Hochbegabung: Fluch oder Segen?

Stephan Kolbe, Dipl.-Psychologe am Zepf Landau und der dortigen Universität referierte zum Thema ‘Hochbegabung’: kompetent, anschaulich und belegt mit vielen Beispielen aus seiner Arbeit mit betroffenen Kindern und Jugendlichen. Zunächst definierte er den Begriff Hochbegabung: Etwa 1,5 % aller Jugendlichen seien hochbegabt. Von einer Hochbegabung spreche man bei Kindern mit einem ausgetesteten IQ von 130 Punkten und mehr, die Gleichaltrigen bezogen auf ihre kognitive Intelligenz um etwa 1-2 Jahre voraus seien. Ein Test zur Feststellung einer Hochbegabung sei dann wirklich gut, wenn mehrere Testbereiche (Sprache, emotionale Intelligenz, Motorik, besondere Begabungen) intensiv ausgetestet würden. Tests, die dem nicht ansprächen, seien das CPM- bzw. das SPM-Testverfahren.

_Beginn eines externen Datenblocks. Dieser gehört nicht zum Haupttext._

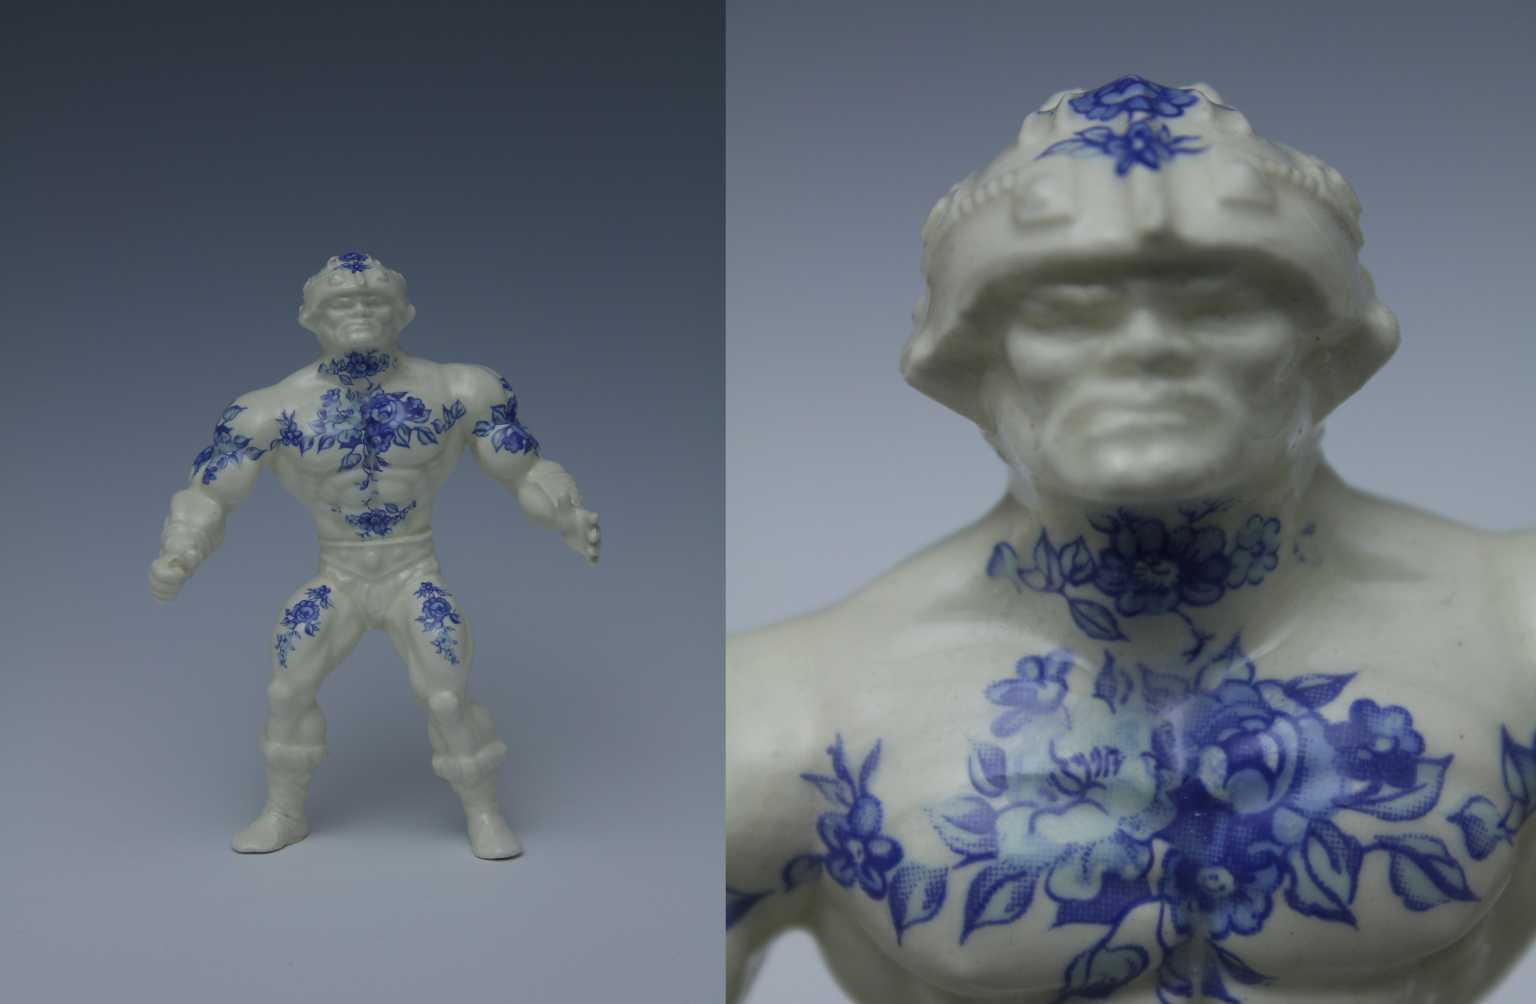 Man-At-Arms (Blue Rose)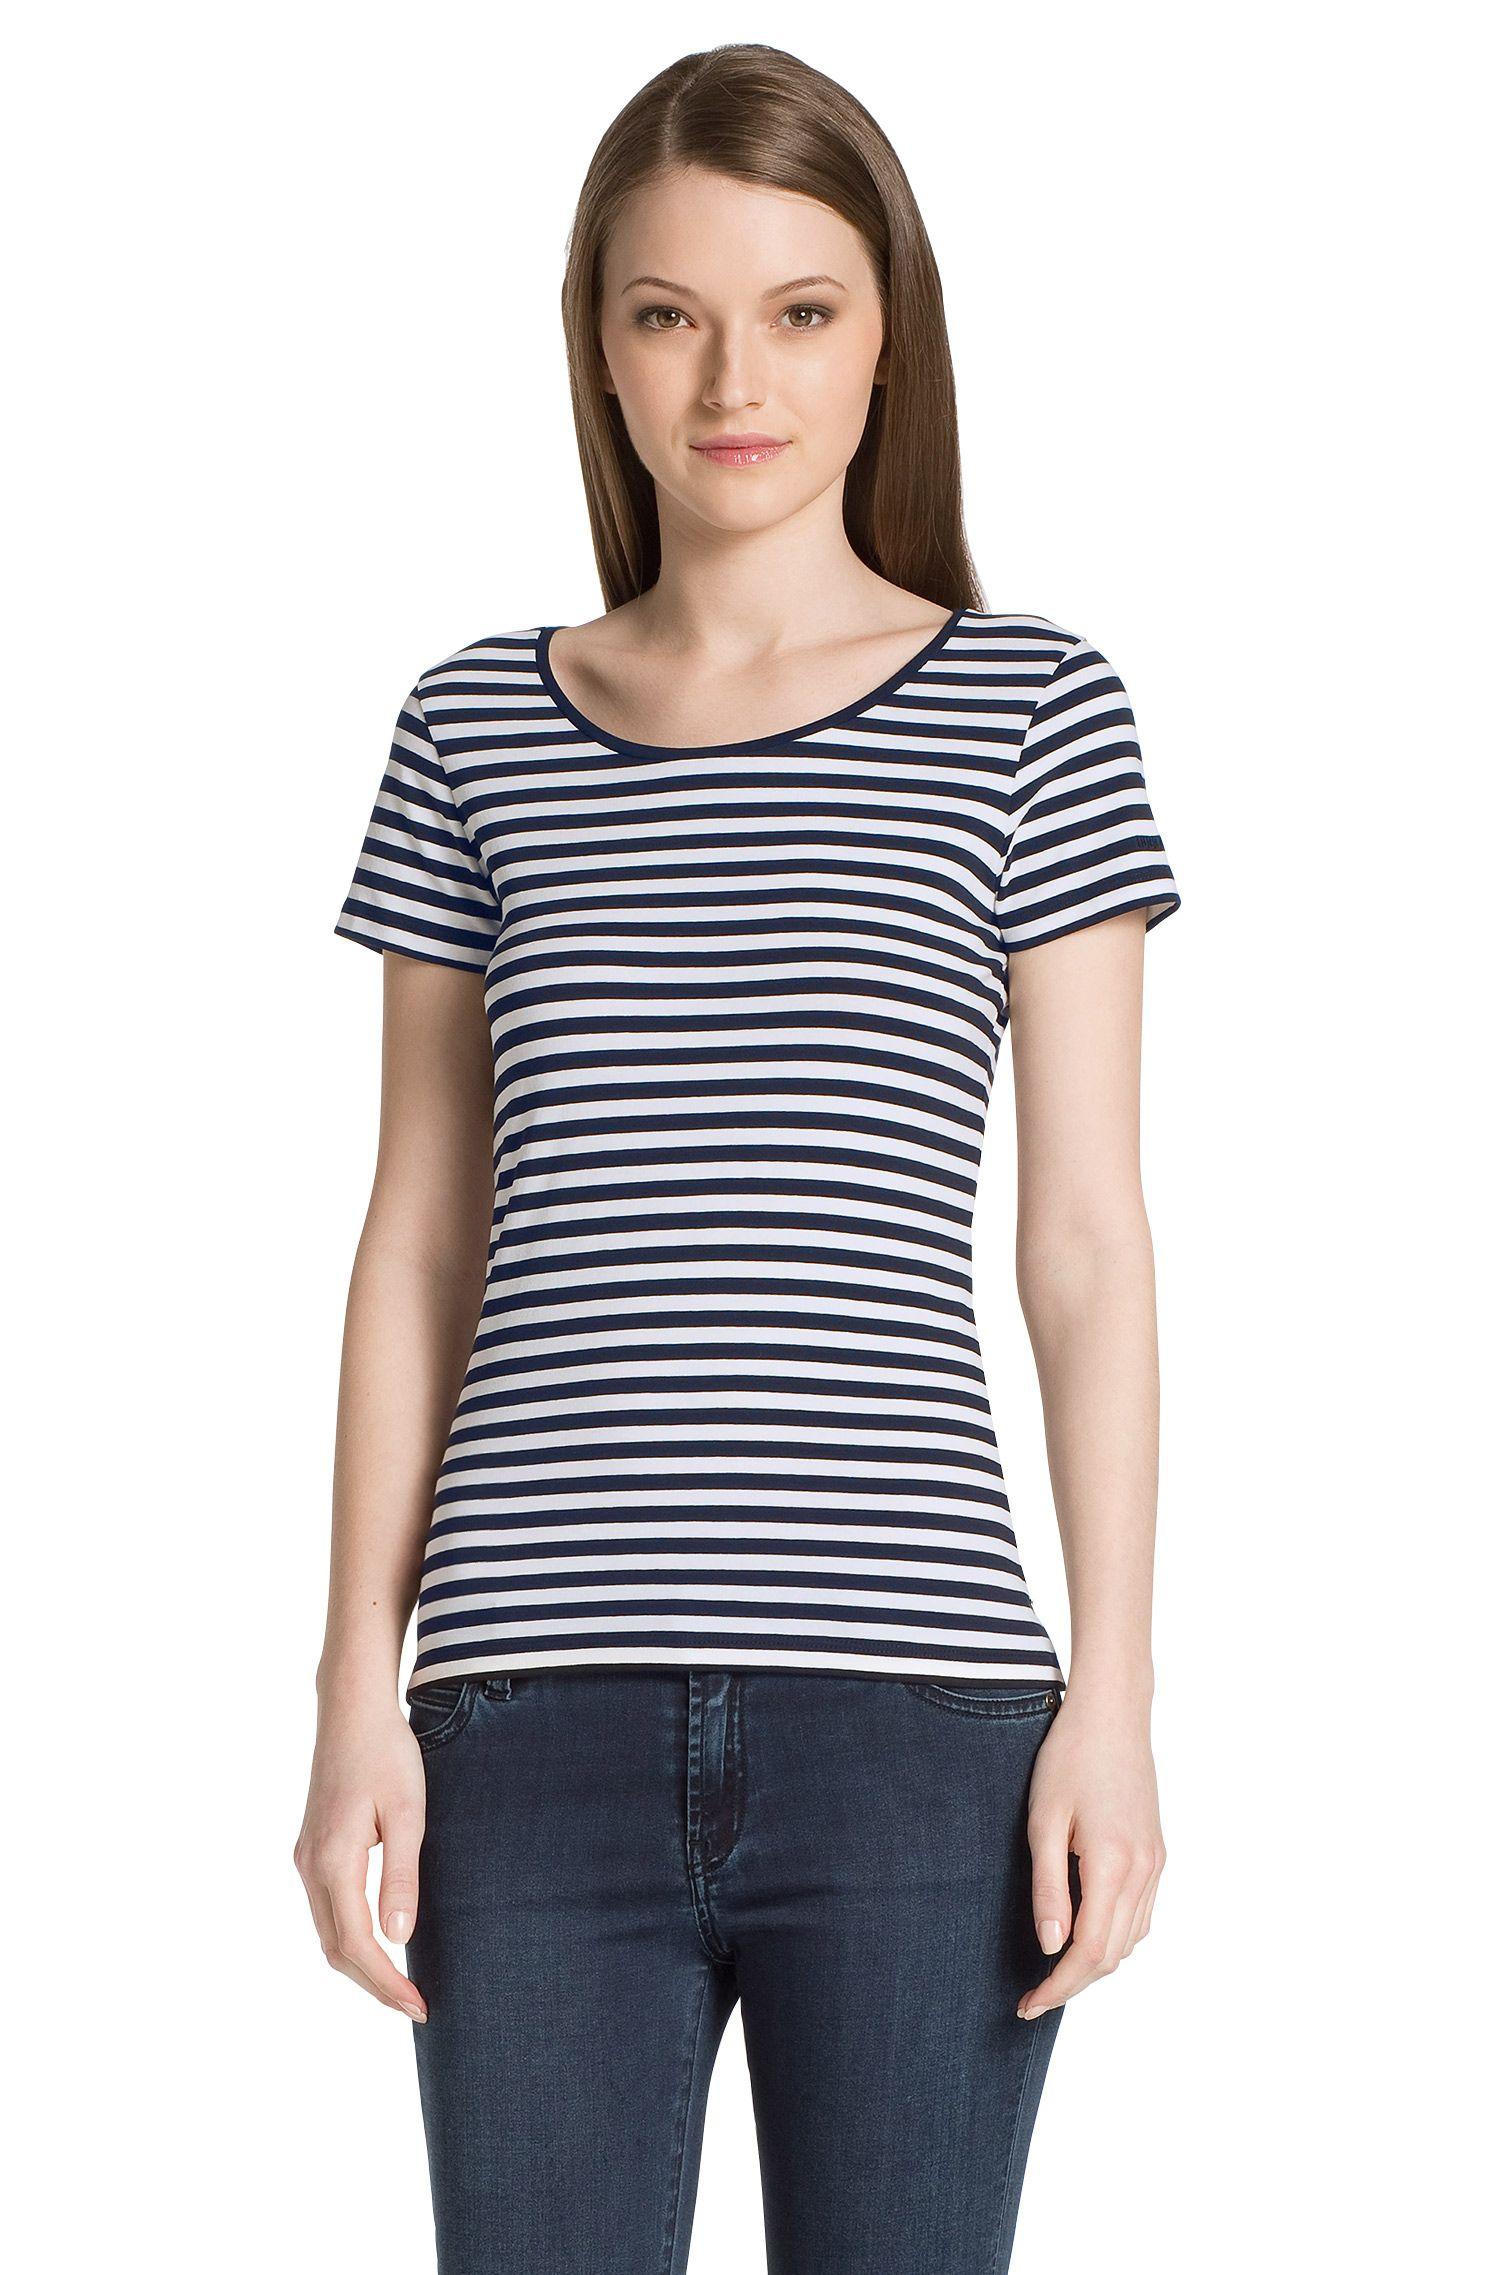 T-Shirt ´Debia_2` aus Baumwoll-Mix

Die Vorteile einer Hochbegabung lägen auf der Hand: Die betroffenen Jugendlichen zeigten eine schnelle Auffassungsgabe, eine hohe Transferleistung, ein breit angelegtes Allgemeinwissen, eine insgesamt hohe Gehirnaktivität, die allerdings oft dazu führe, dass hochbegabte Kinder Schwierigkeiten hätten einzuschlafen, da ein ‘Abschalten’ abends oft schwer falle.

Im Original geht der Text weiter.